Prepare for more economic challenges, Singapore Prime Minister Lee warns during May Day speech


For ITP

SINGAPORE: Singapore must prepare for a tough road ahead with multiple economic challenges such as spiraling inflation and rising energy prices, Prime Minister Lee Hsien Loong warned on Sunday, urging citizens to “stay open and make our economy stronger and more resilient. The ongoing war in Ukraine, which shows no signs of abating, has undermined the global order, affecting smaller city-states like Singapore whose security relied on the international rule of law, Lee said during his May Day address. .

As a result of global headwinds driving up energy prices, Singapore will take a hit of SGD 8 billion a year, it added, citing estimates from the Ministry of Trade and Industry.

“That’s 1.5 percent of our GDP,” Lee said. “That means we’ve collectively become SGD8 billion poorer per year, and there’s no escaping this,” Lee was quoted as saying by The Straits Times at the rally held to mark Workers’ Day here.

Singapore imports almost all of its energy supplies, except for the solar electricity it generates.

For example, when the price of oil was around USD 50 per barrel, Singapore’s annual imports of crude oil and natural gas cost approximately SGD 30 billion per year.

But when oil prices double to $100 a barrel, as they have in the past 16 months, Singapore also has to pay twice as much, meaning an additional SGD 30 billion per year, Lee said.

“We can recover some of this by charging more for our exports. But the rest must be borne by us, by households, businesses and the government of Singapore,” he explained.

The war has worsened global inflation as Russia is a major exporter of oil and gas, and Ukraine is among the world’s largest exporters of grain crops and vegetable oils, he noted.

Lee added that the stakes in the crisis are also rising as the war continues with no positive outcome in sight.

Last week, Singapore’s central bank said it expects global growth to slow to 3.9 percent in 2022 from 5.4 percent last year as inflation rose to a 14-year high.

“Inflation was already a problem before Ukraine, but the war has made it worse. The war has caused a global energy crisis and disrupted food supplies,” he explained.

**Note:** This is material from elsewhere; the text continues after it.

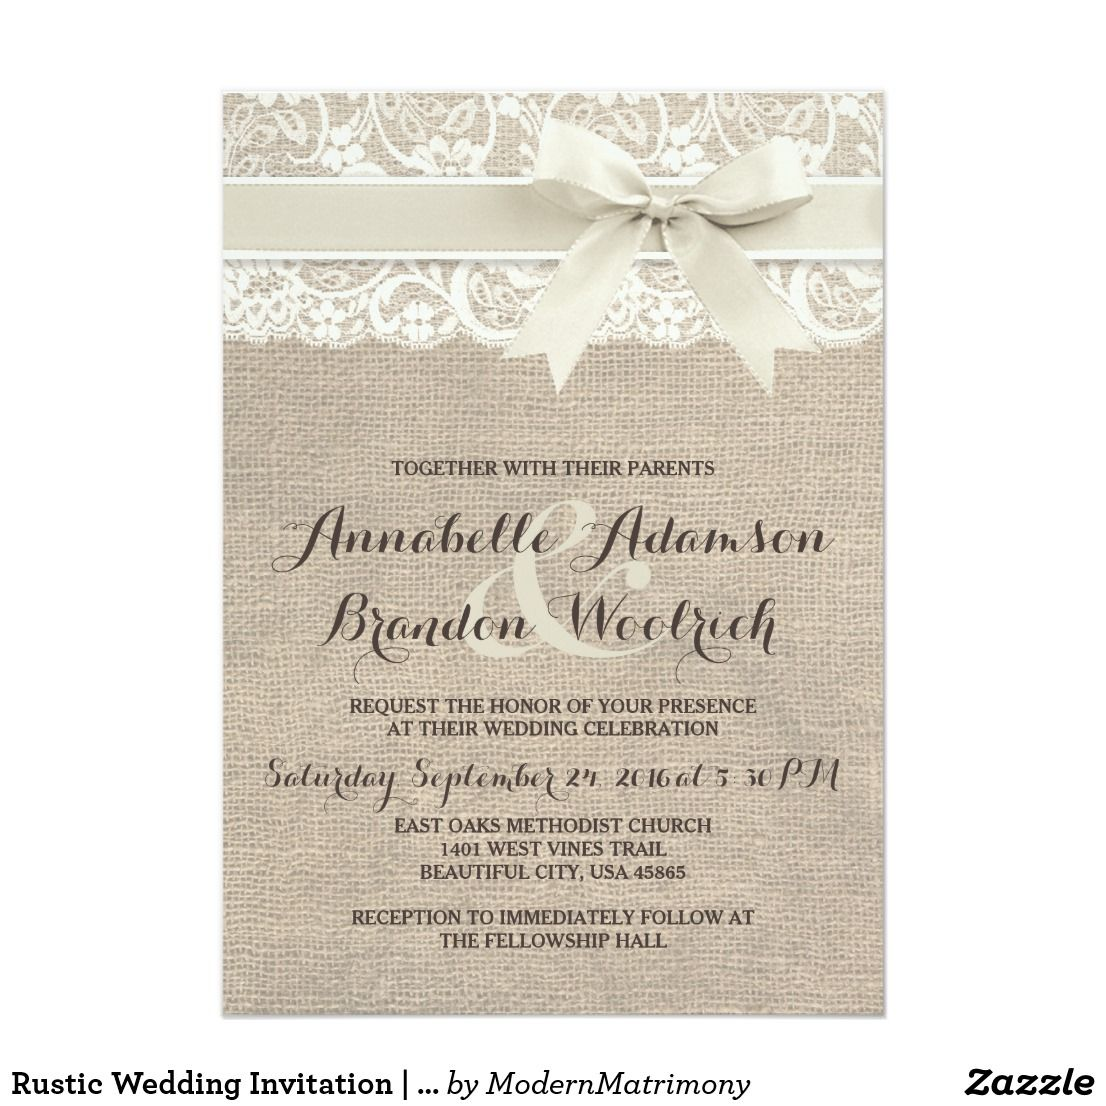 Rustic Wedding Invitation | Burlap Lace Bow Look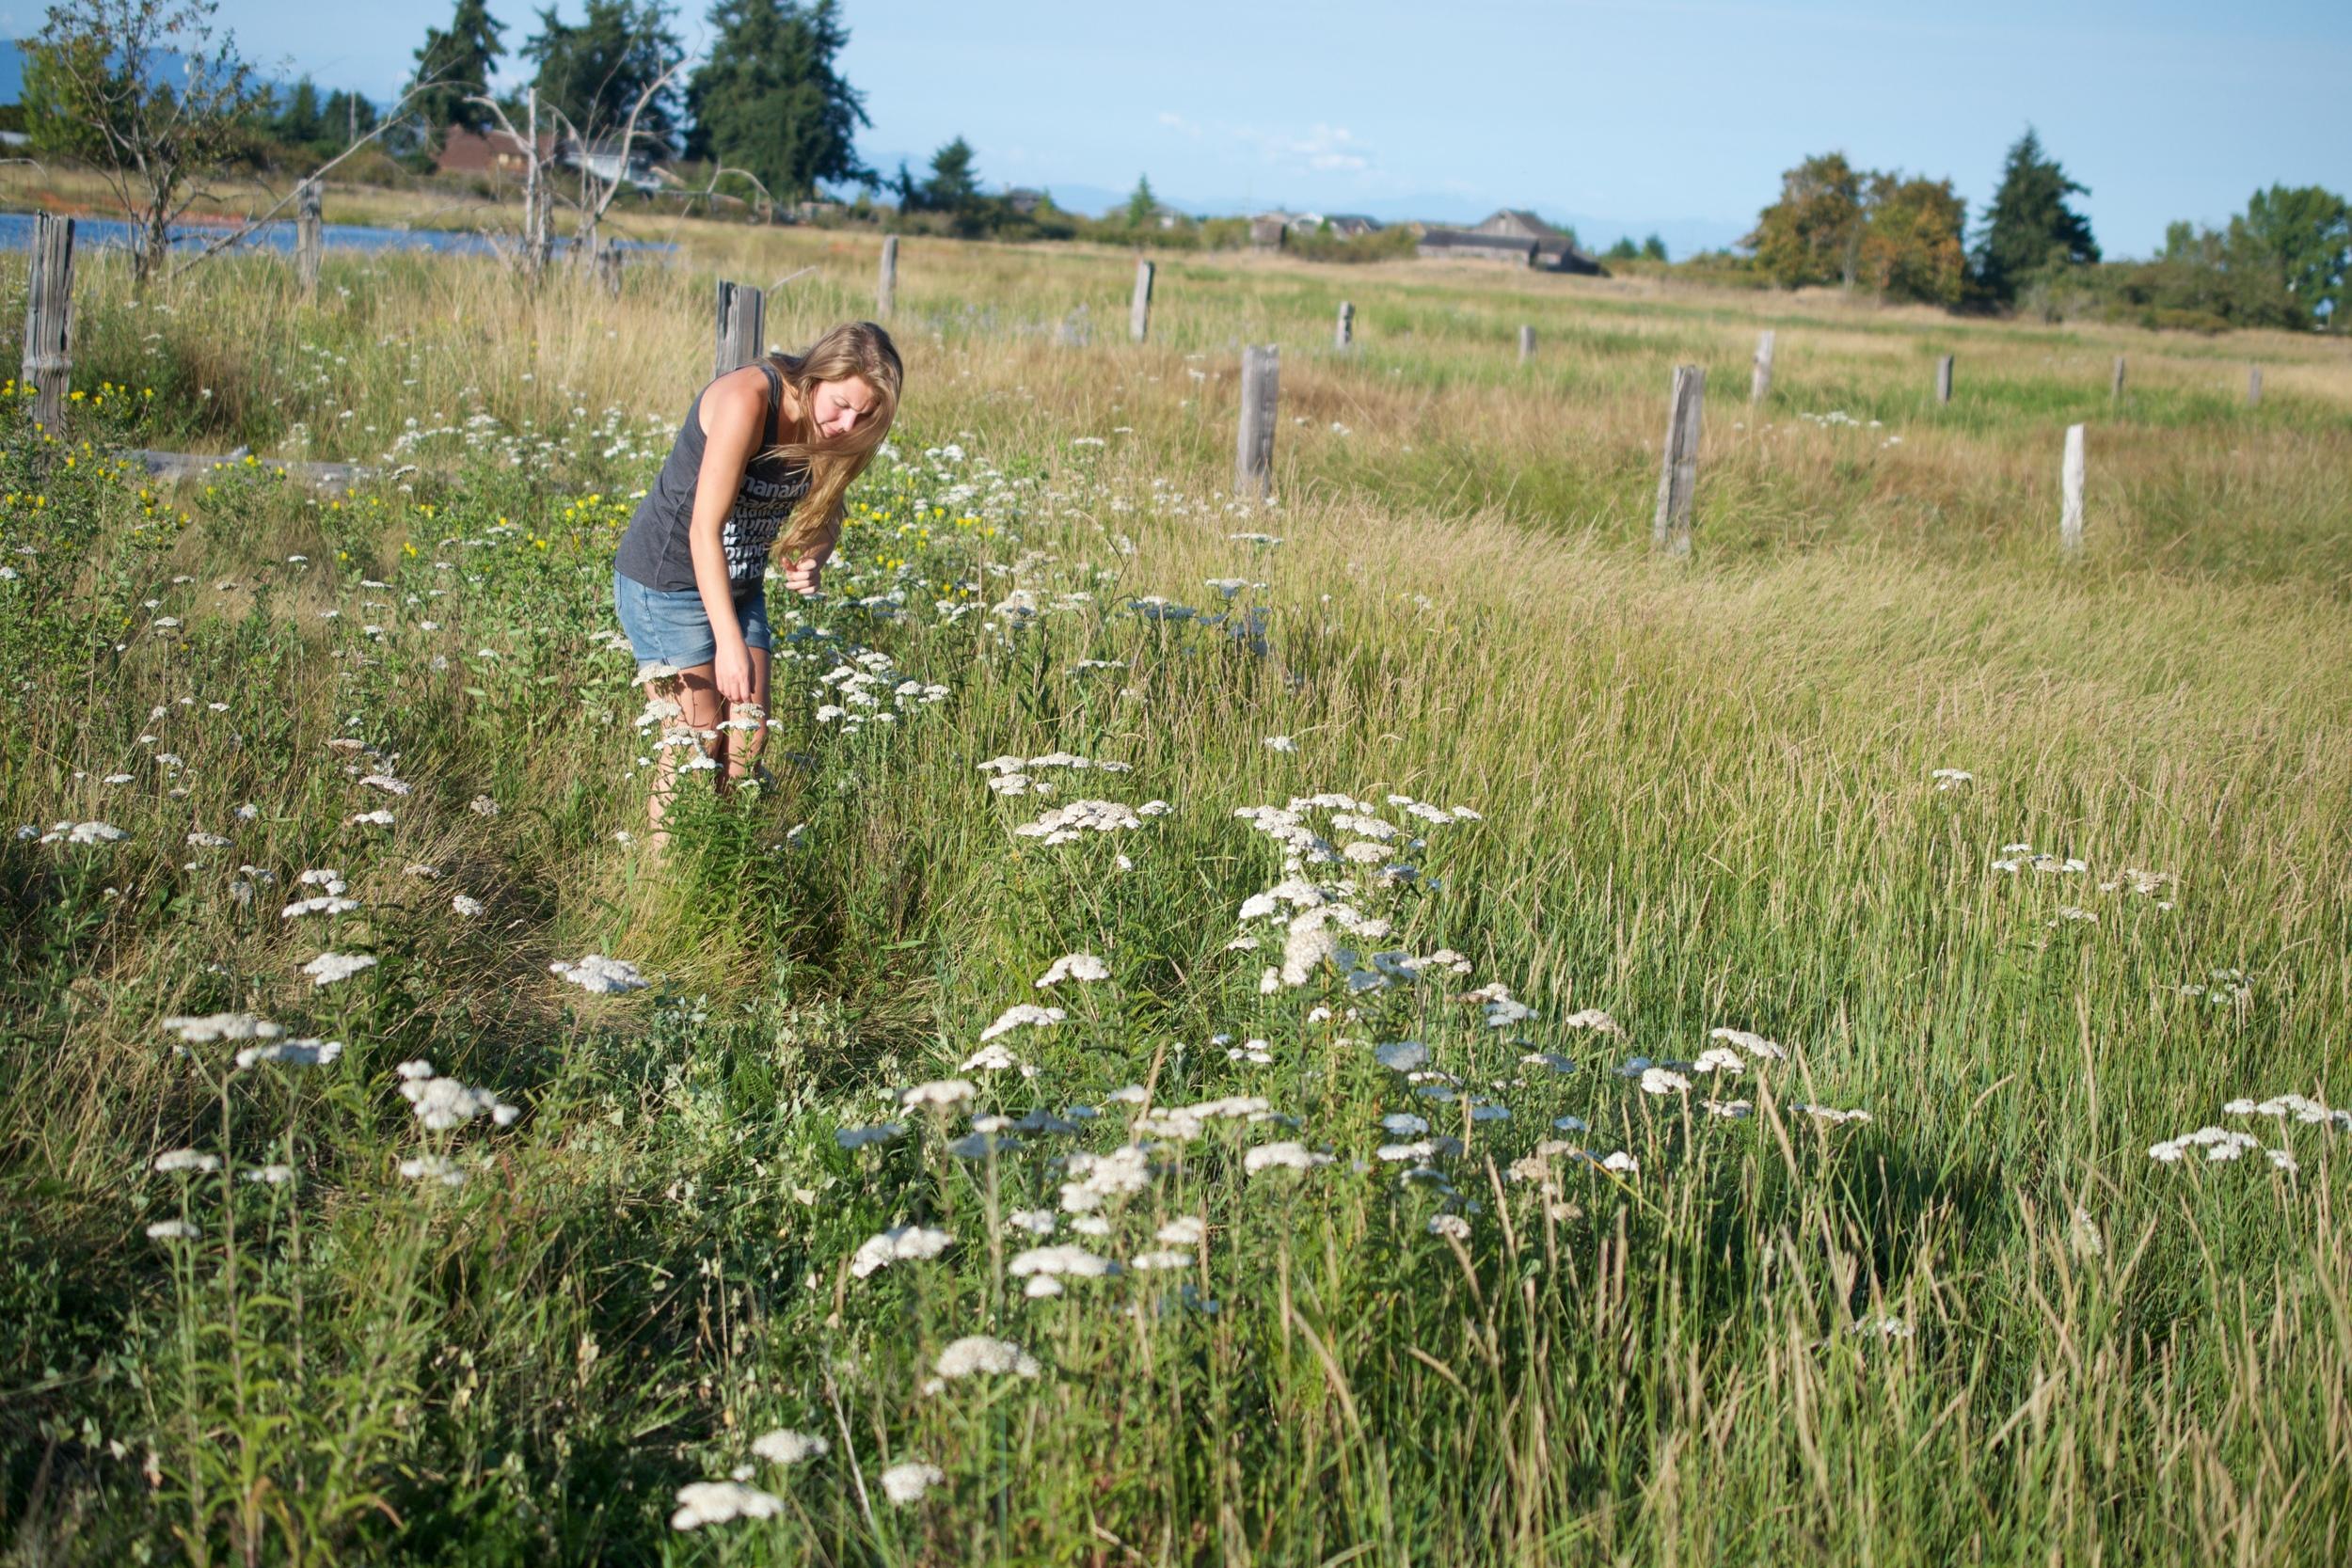 Gathering yarrow, Achillea millefolium in the later summer.

Prime Minister Lee said Russia’s attack on Ukraine has undermined the global order – the basic rules and norms for how all countries, big or small, interact with each other.

Amid the war in Ukraine and rising cost of living, Singaporeans need to be prepared for more economic challenges, but the government is “doing all it can to cushion the impact on Singaporeans and ease cost of living pressures” , he claimed.

“If Singaporeans are not strong and united, if we allow ourselves to divide and divide, we will be finished,” Lee observed.

“Singapore’s economy relies heavily on international trade and investment. If countries no longer accept free trade rules, it will be more difficult for us to continue to attract investment,” Lee was quoted as saying by the main daily.

“Our strategy must be to stay open and make our economy stronger and more resilient,” he added. The war in Ukraine has clouded Singapore’s post-COVID-19 recovery outlook, about which it was “cautiously optimistic” earlier in the year, the prime minister said.

The city-state has lifted travel restrictions and reverted to pre-pandemic routines. Last month, the government also removed tests for incoming vaccinated visitors and limits on gatherings.

Interestingly, Lee’s May Day speech marks his first major national speech since the ruling People’s Action Party selected Finance Minister Lawrence Wong to succeed him as the next prime minister.